Magistrate holds that none of the many charges against 40-year-old Romeo Bone had stood up to scrutiny

A criminal case against a Floriana man who was accused of participating in the 2007 Portomaso jewellery heist has collapsed, a magistrate holding that none of the many charges against him had stood up to scrutiny.

40-year-old Romeo Bone from Floriana had been accused of carrying out the armed robbery of the Luxe Pavilion Diamonds International outlet in Portomaso, St. Julians in February 2007, in which almost €233,000 worth of jewellery was stolen.

He had faced a plethora of charges, which included theft aggravated by violence, means, time and value of the thing stolen, illegal arrest and possession of a firearm during the commission of a crime.

Witnesses had testified that two men, their faces obscured with nylon tights had held up the shop with a revolver on the 8th February 2007 at around 7:50pm.

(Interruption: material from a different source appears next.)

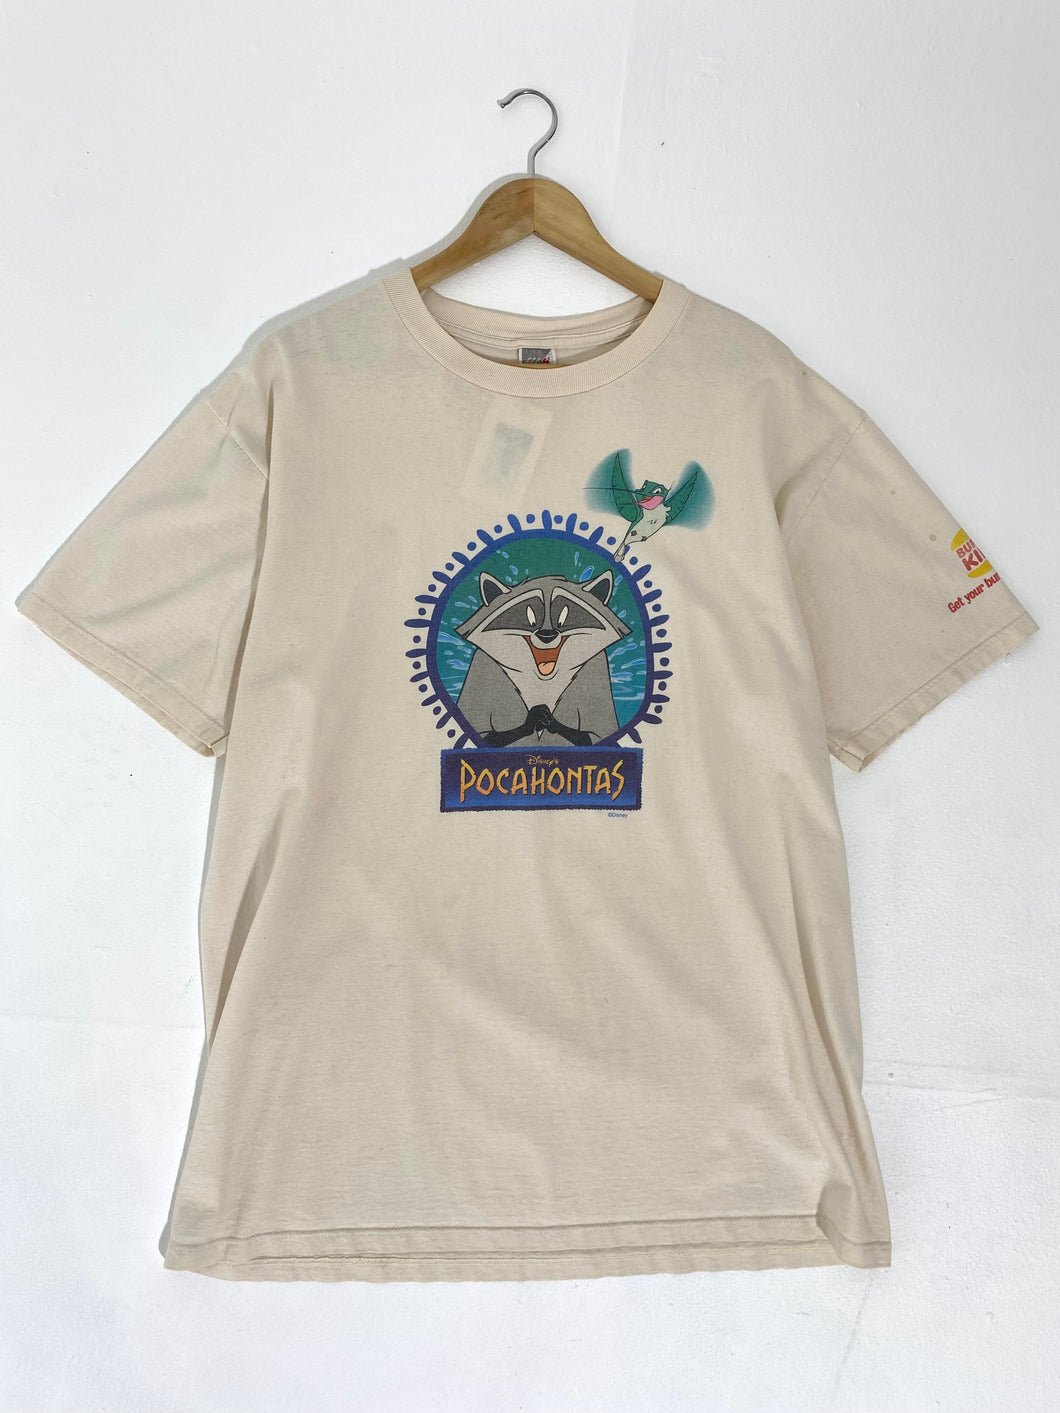 Vintage 1990’s Pocahontas / Burger King T-Shirt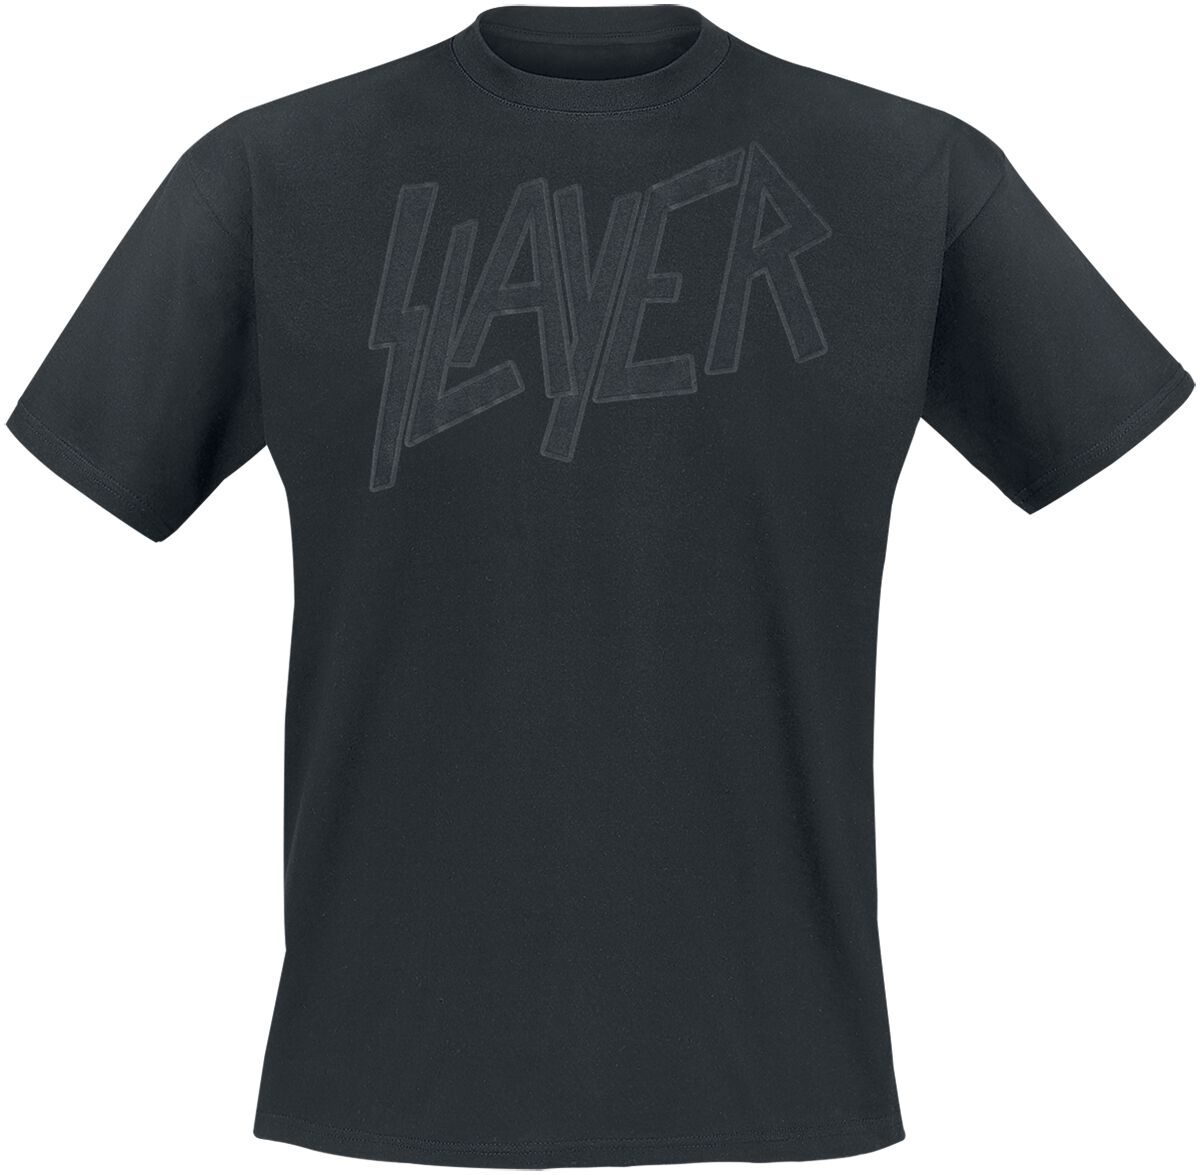 Slayer T-Shirt - Black On Black Logo - S bis M - für Männer - Größe M - schwarz  - Lizenziertes Merchandise!

One man had stood by the door while the other ransacked the shop’s safe.

But Magistrate Neville Camilleri, presiding the court of magistrates as a court of criminal judicature, had not been provided with unambiguous evidence pointing to the men’s guilt.

There had been no forensic evidence linking Bone to the crime, noted the court, and Bone had only been arrested and charged after his fingerprint was found on the battery of a van parked in front of the police car at the police station, blocking its exit.

Further compounding the prosecution’s problems was the fact that the accused had not been selected by either one of the shop assistants in several identification parades.

Witnesses had testified that the accused resembled as the person wearing the tights over his face, waiting for his accomplice to exit the shop but had contradicted each other with regards to whether the robbers had been wearing boiler suits or security guard uniforms while carrying out the heist. One shop assistant had told the court that the accused could not have been the person who had robbed her at gunpoint, as his stature was different.

The court, bearing this in mind, held that none of the accusations levelled against Bone had been sufficiently proven and ordered his release.

Lawyer Kathleen Grima was defence counsel to Bone.